# Supplied records:
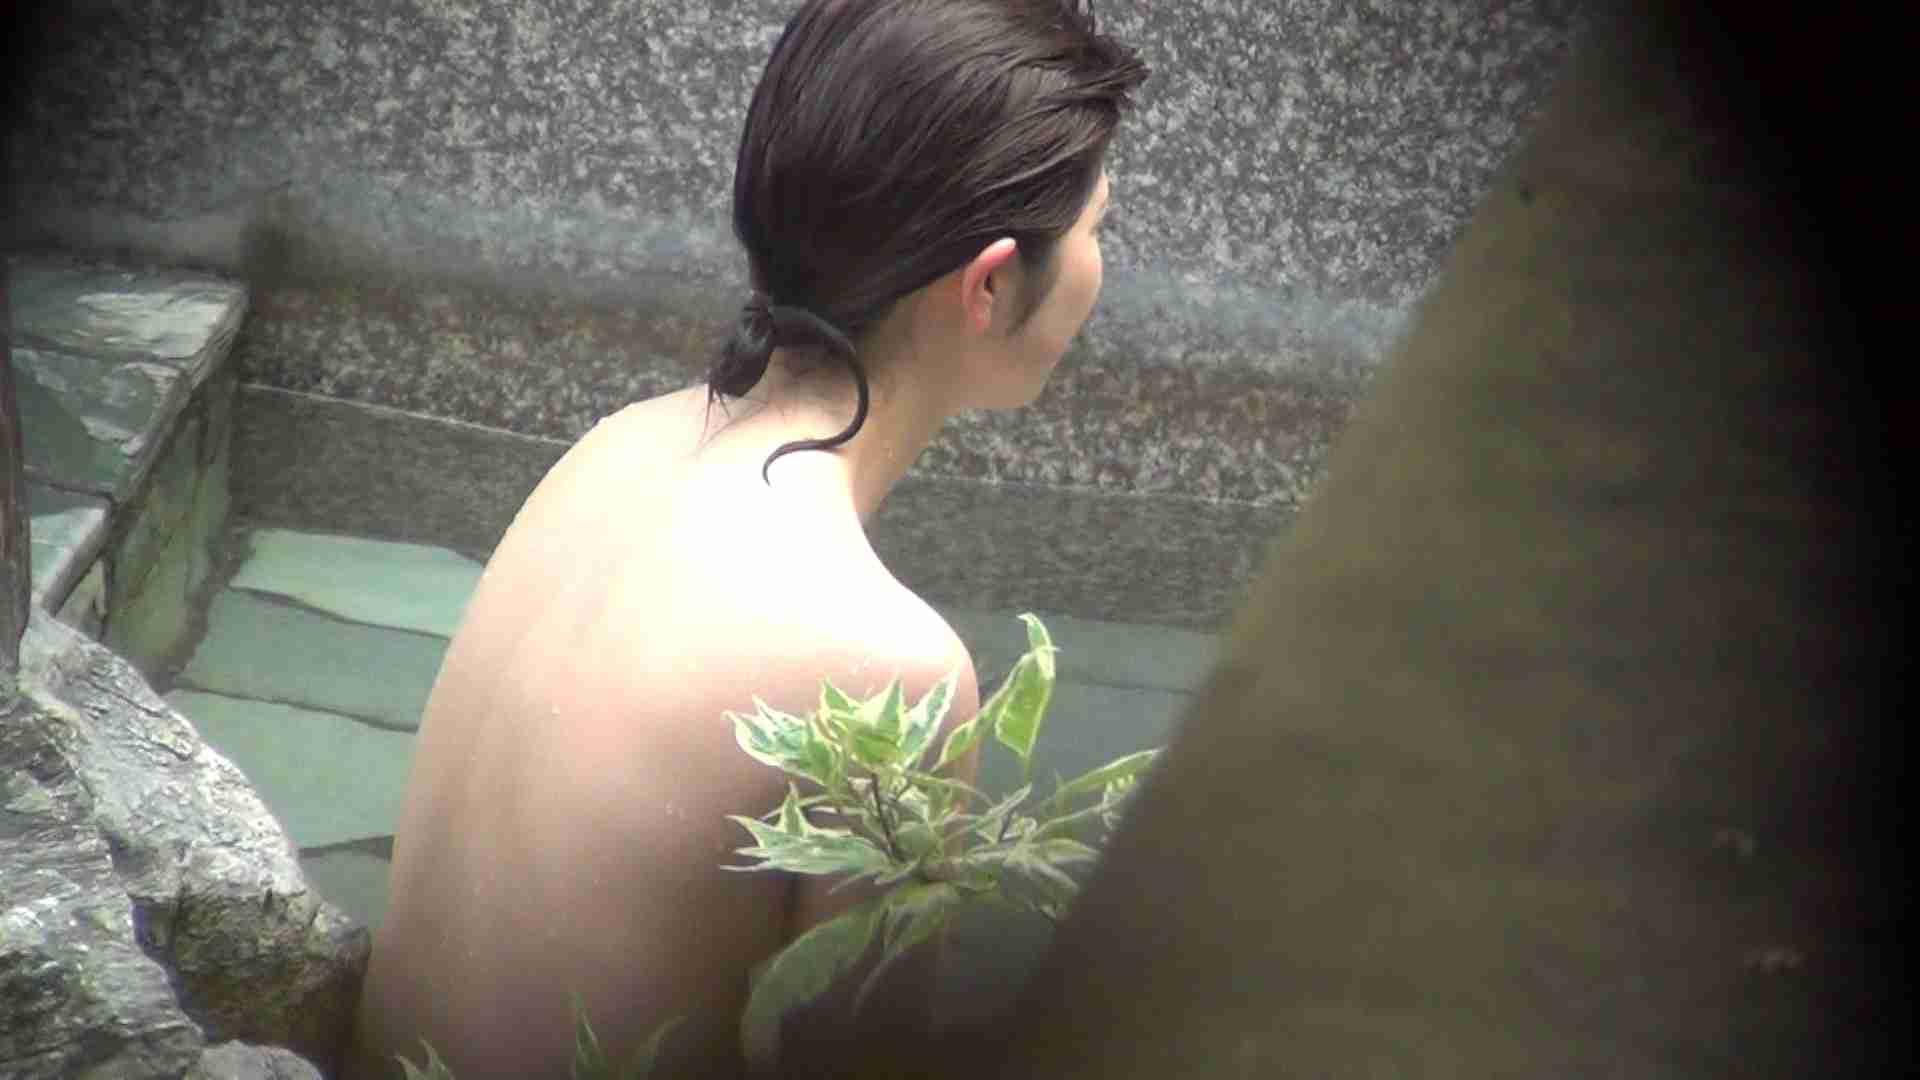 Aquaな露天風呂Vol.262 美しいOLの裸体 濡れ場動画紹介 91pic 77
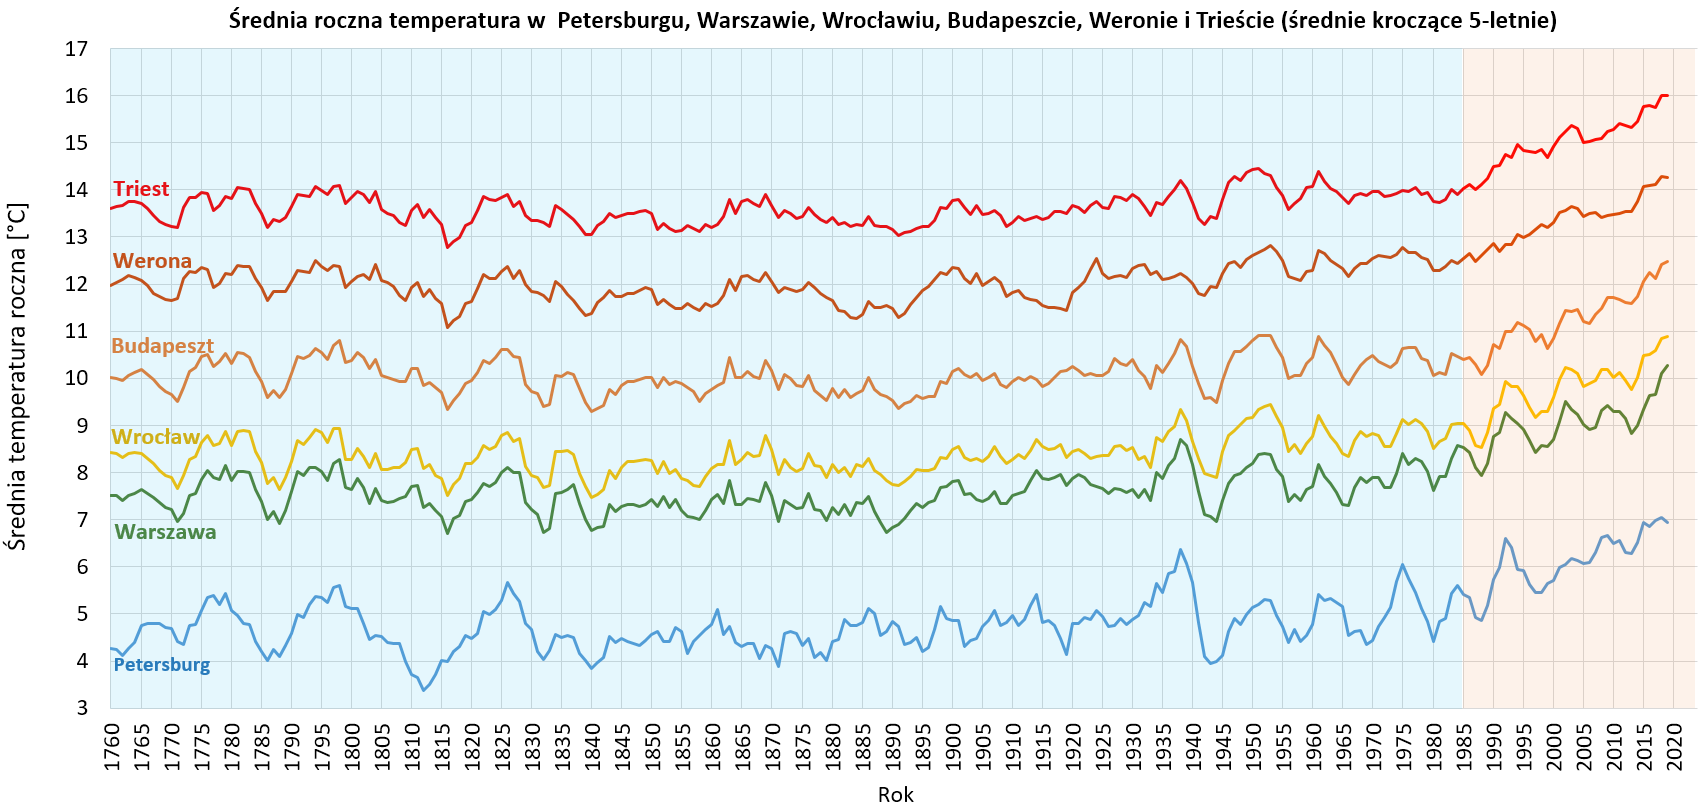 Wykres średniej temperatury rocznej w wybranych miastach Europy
...
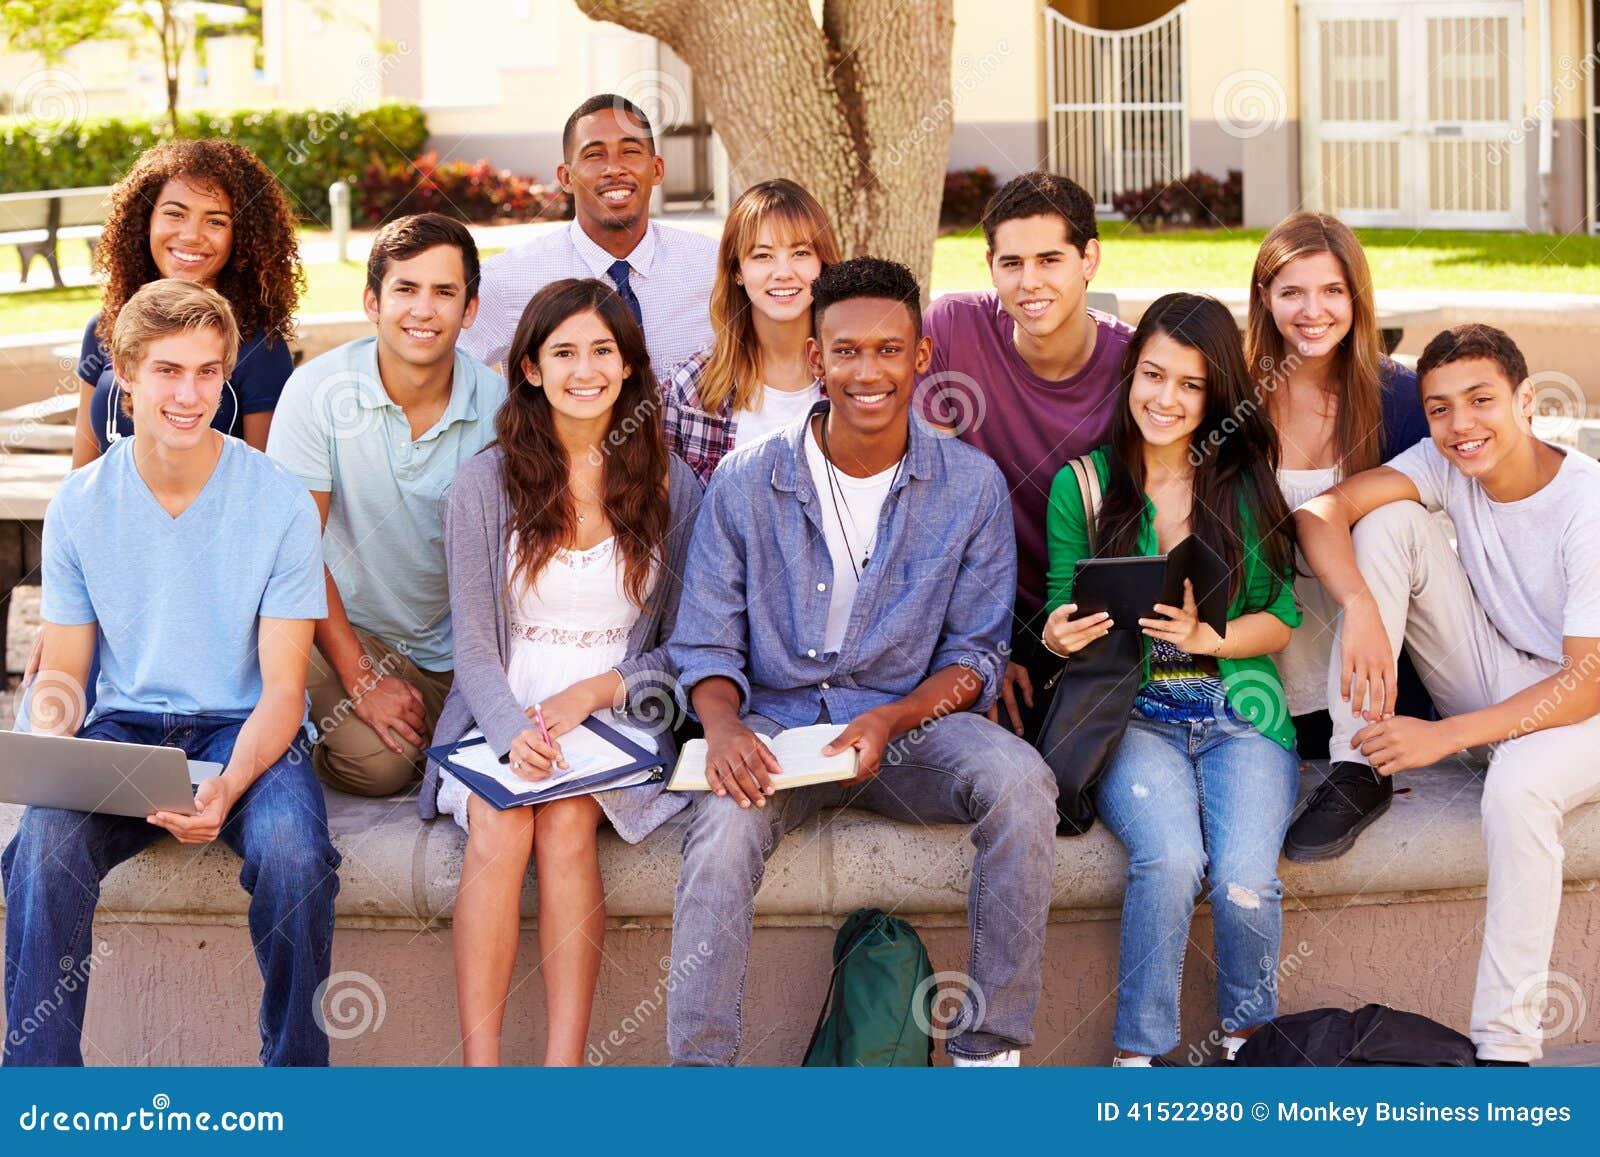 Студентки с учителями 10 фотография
--
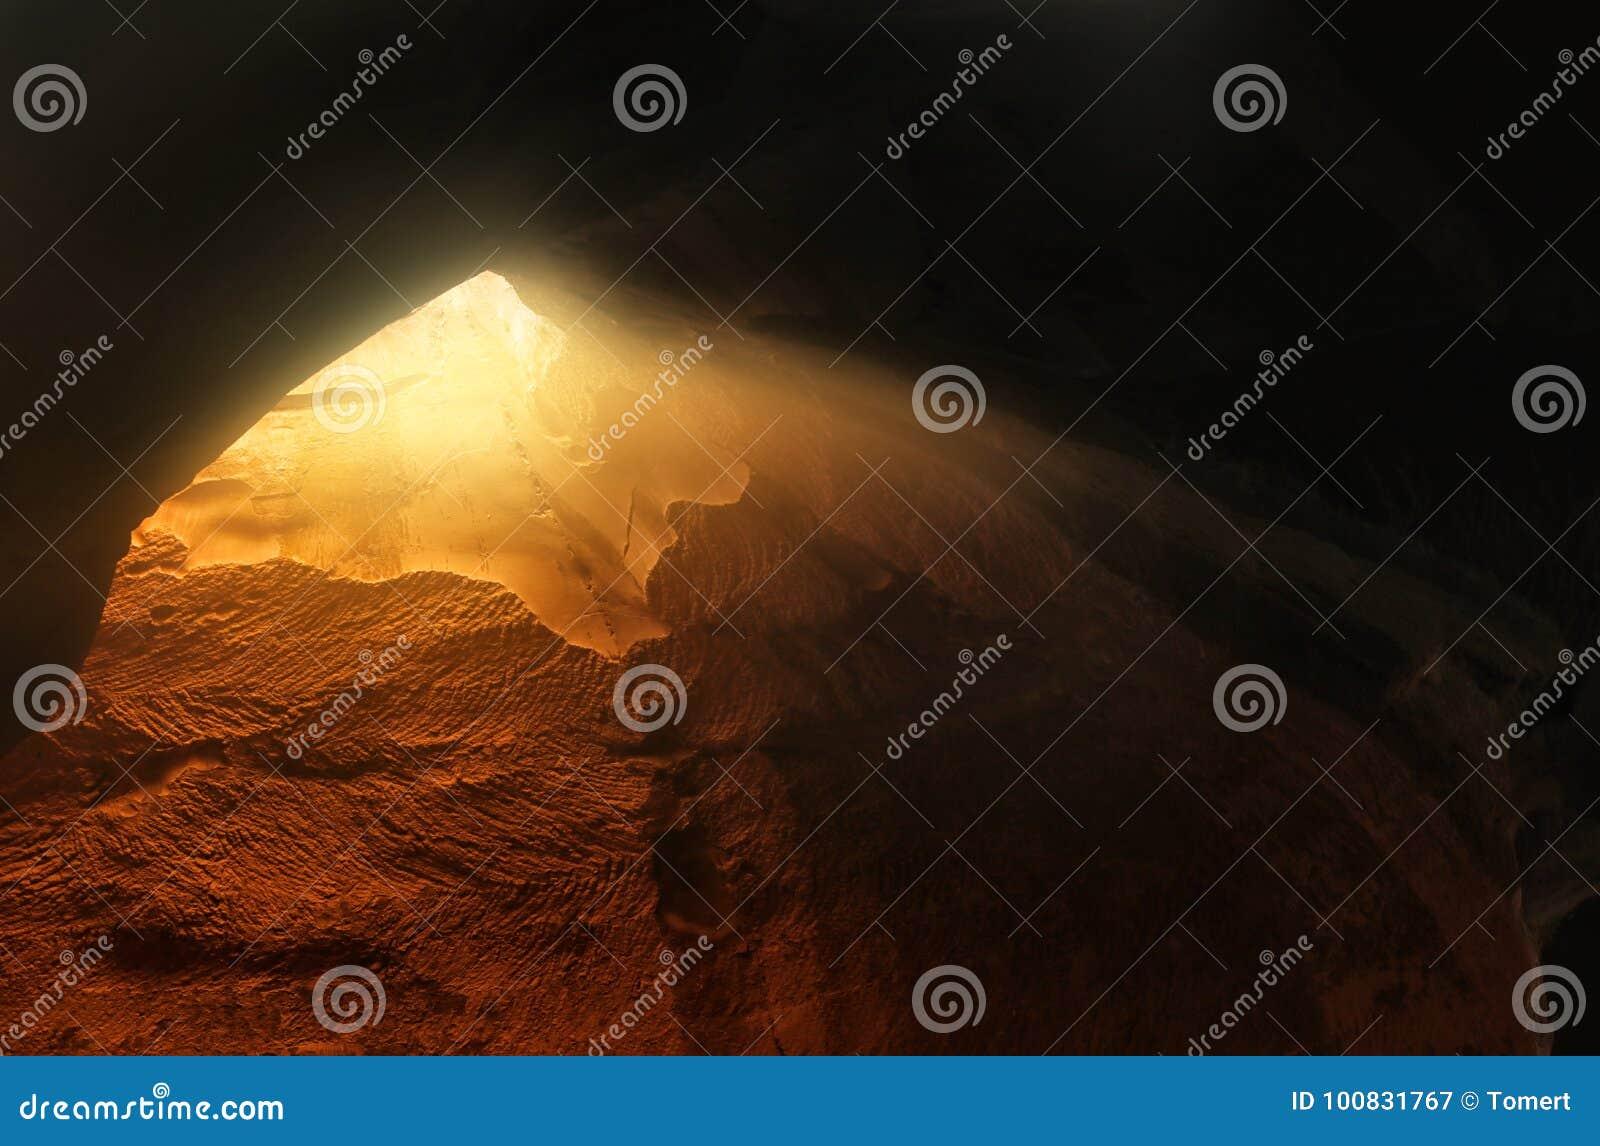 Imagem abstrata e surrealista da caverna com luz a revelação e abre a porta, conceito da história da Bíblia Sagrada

# What is required:
Extract from the material above the stretch running from the line containing "Aquaな露天風呂Vol.262 美しいOLの裸体 濡れ場動画紹介 91pic 77" through the line containing "Wykres średniej temperatury". Keep the text exact and the pictures out.

# Solution to the exercise:
 Aquaな露天風呂Vol.262 美しいOLの裸体 濡れ場動画紹介 91pic 77
 Wykres średniej temperatury rocznej w wybranych miastach Europy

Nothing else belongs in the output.